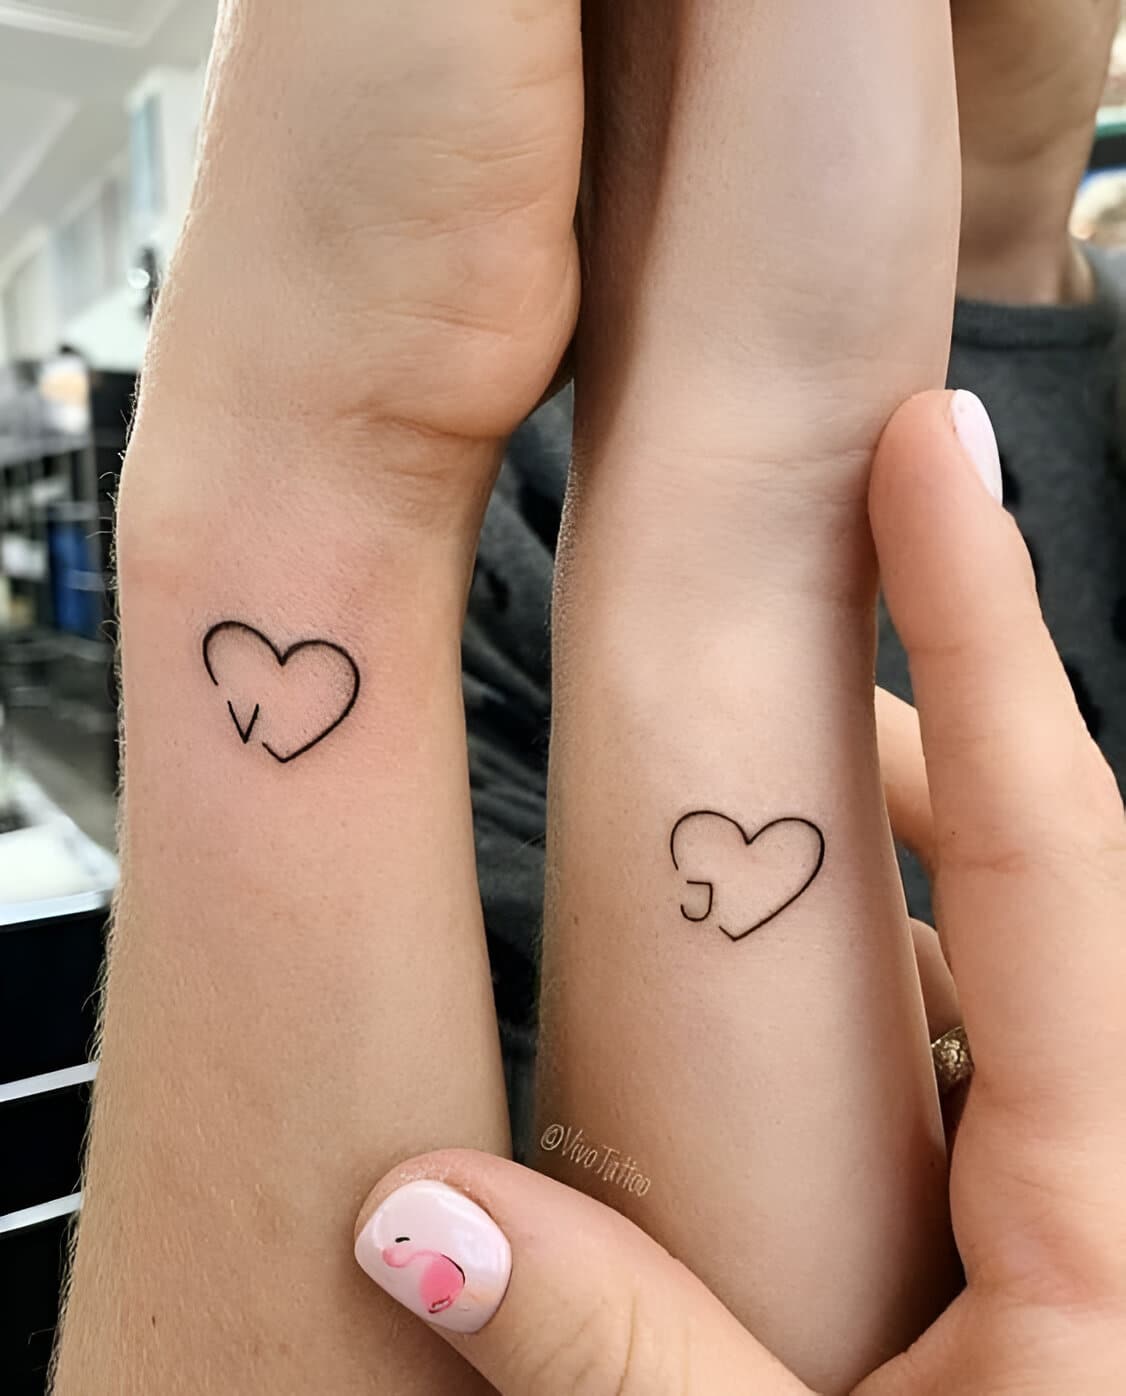 30 Elegant Matching Heart Tattoos To Get With Your Partner ASAP 15
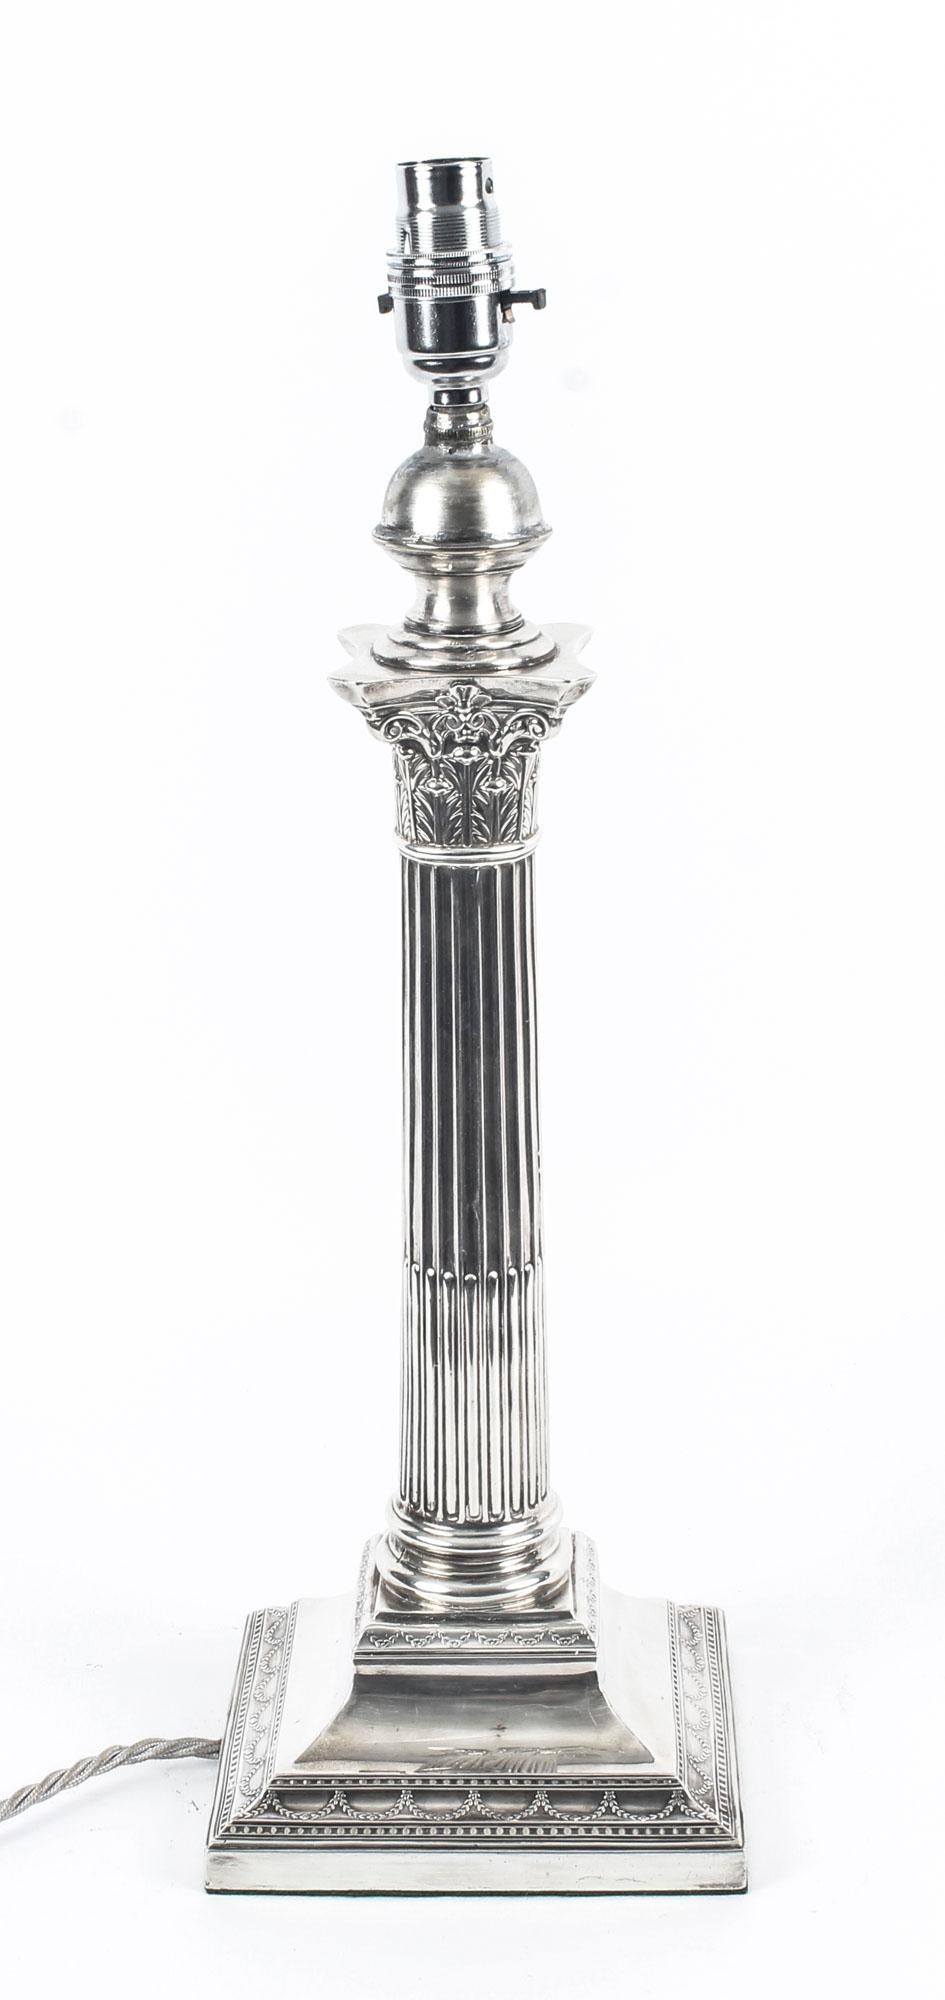 This is an impressive large antique Edwardian sterling silver Corinthian column table lamp bearing hallmarks for Sheffield 1908 and the makers mark of the renowned silversmith Hawksworth, Eyre & Co Ltd.

It features a classic Corinthian Capital

- **Task to carry out**: Transcribe the data verbatim. No picture belongs in the result.

- **Output of the task**:
 30 Elegant Matching Heart Tattoos To Get With Your Partner ASAP 15
 This is an impressive large antique Edwardian sterling silver Corinthian column table lamp bearing hallmarks for Sheffield 1908 and the makers mark of the renowned silversmith Hawksworth, Eyre & Co Ltd.

It features a classic Corinthian Capital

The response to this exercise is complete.